• Supplied material
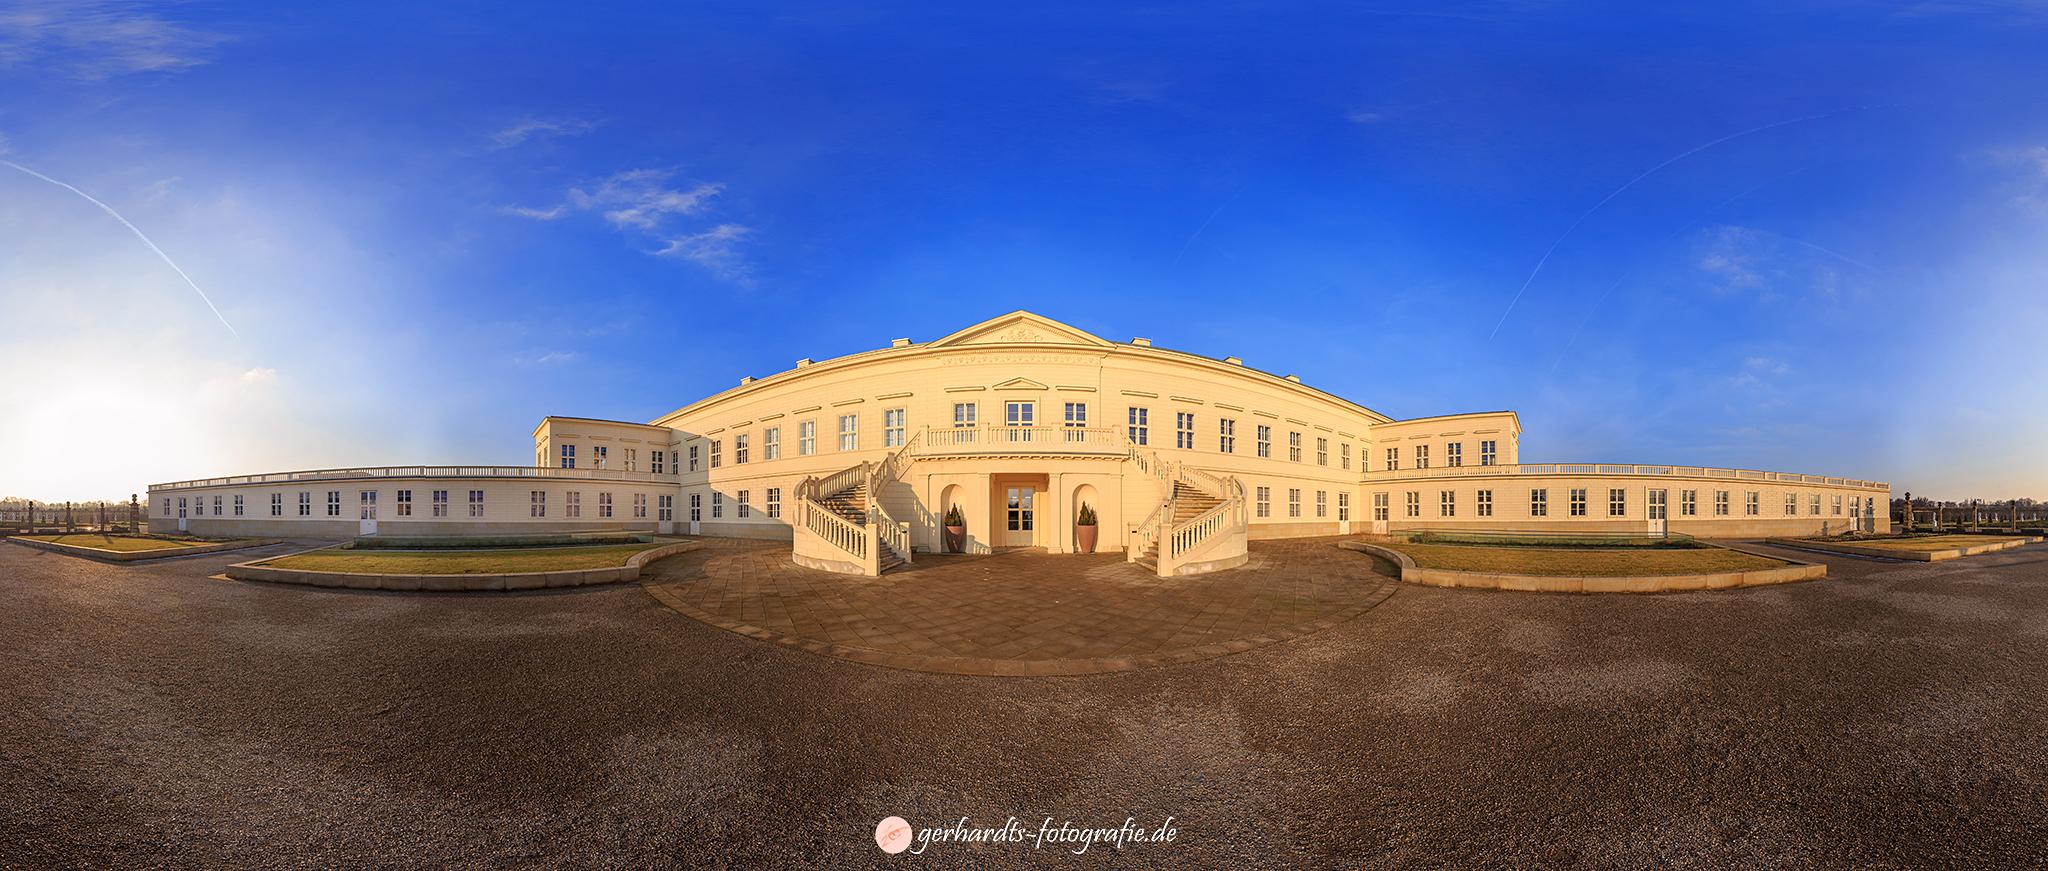 360 Grad Panoramafotos Herrenhäuser Gärten Hannover Schloss Herrenhausen
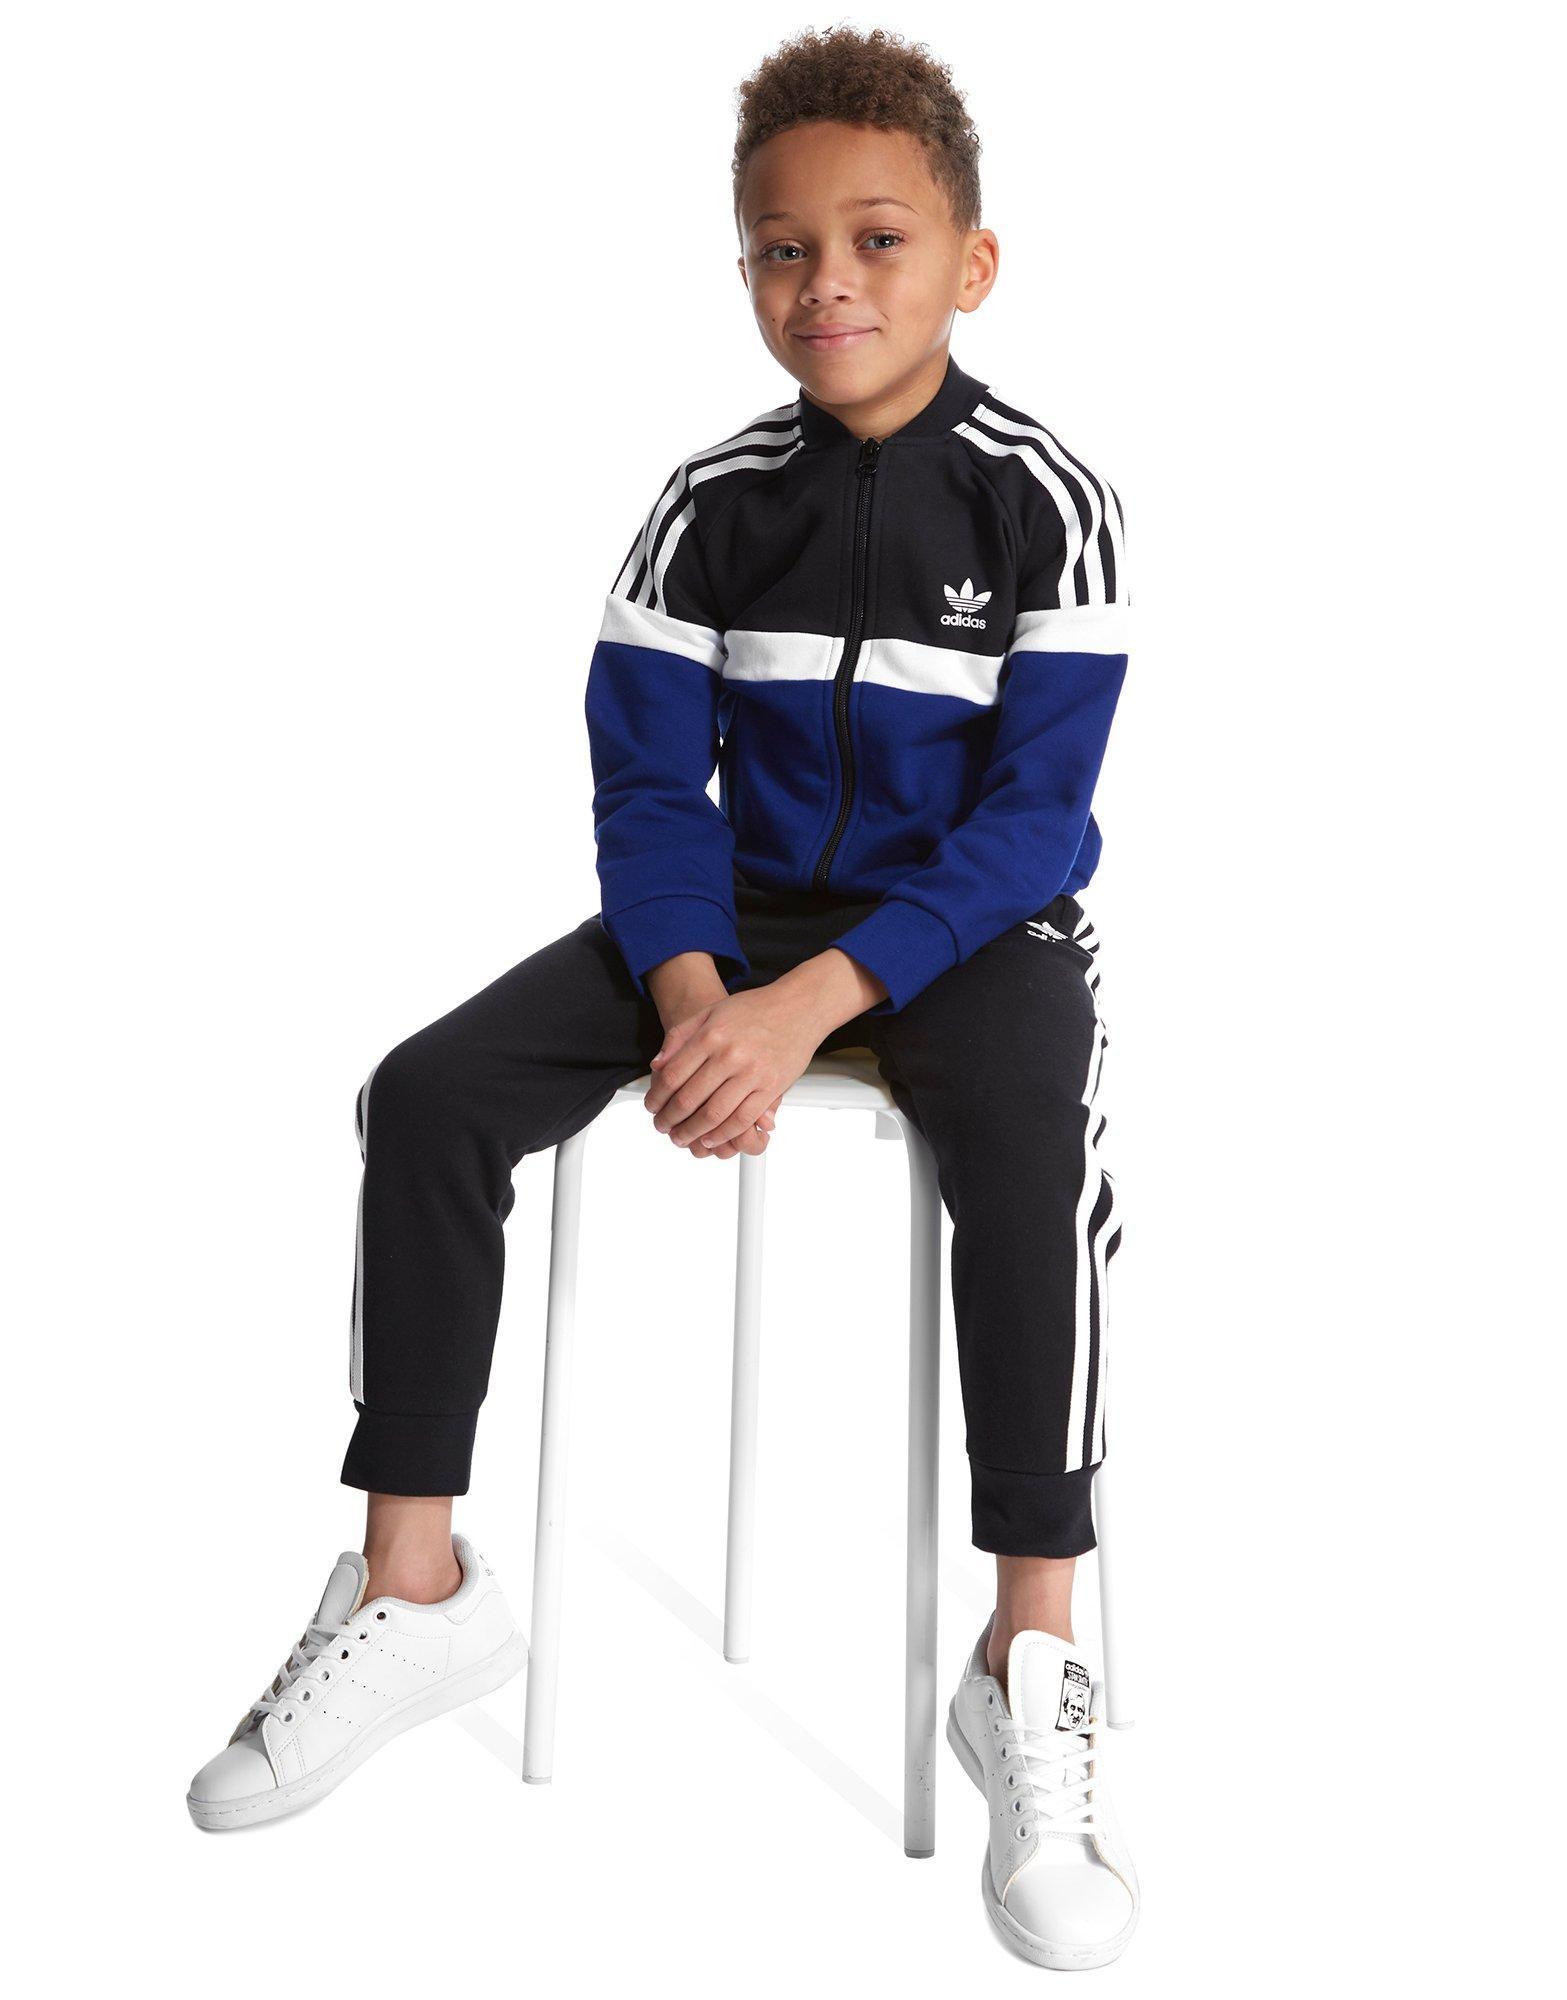 Lyst - adidas Originals Itasca Fleece Superstar Suit Children in ... c2556c0bcf
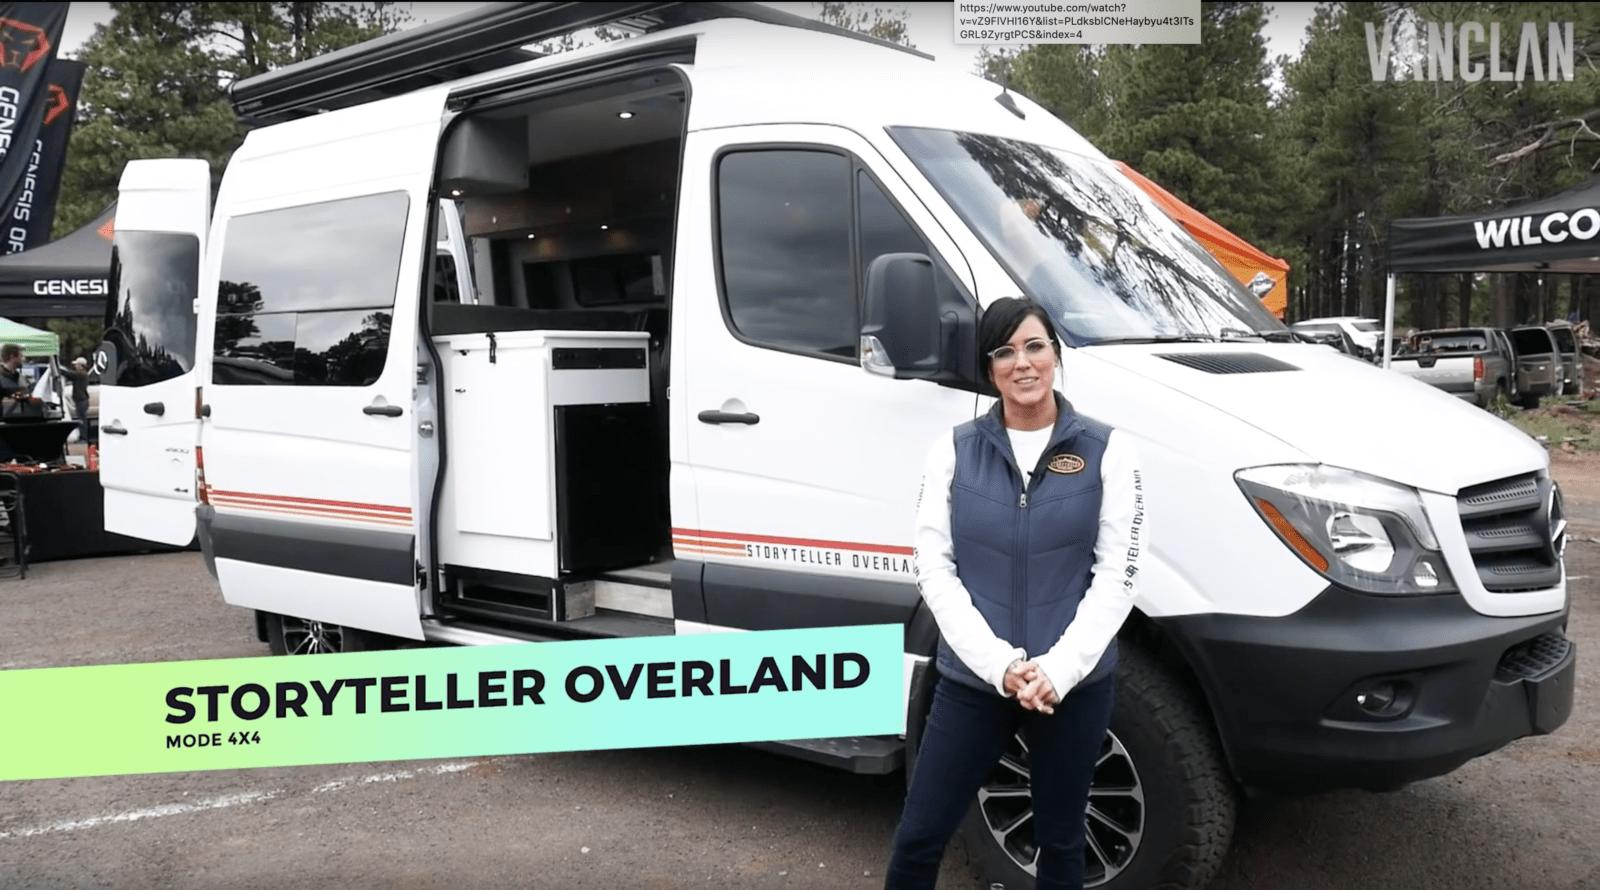 Storyteller Overland Van Clan Tour

• Task goal
Give back an exact copy of the material above, omitting the pictures.

• Output
 360 Grad Panoramafotos Herrenhäuser Gärten Hannover Schloss Herrenhausen
 Lyst - adidas Originals Itasca Fleece Superstar Suit Children in ... c2556c0bcf
 Storyteller Overland Van Clan Tour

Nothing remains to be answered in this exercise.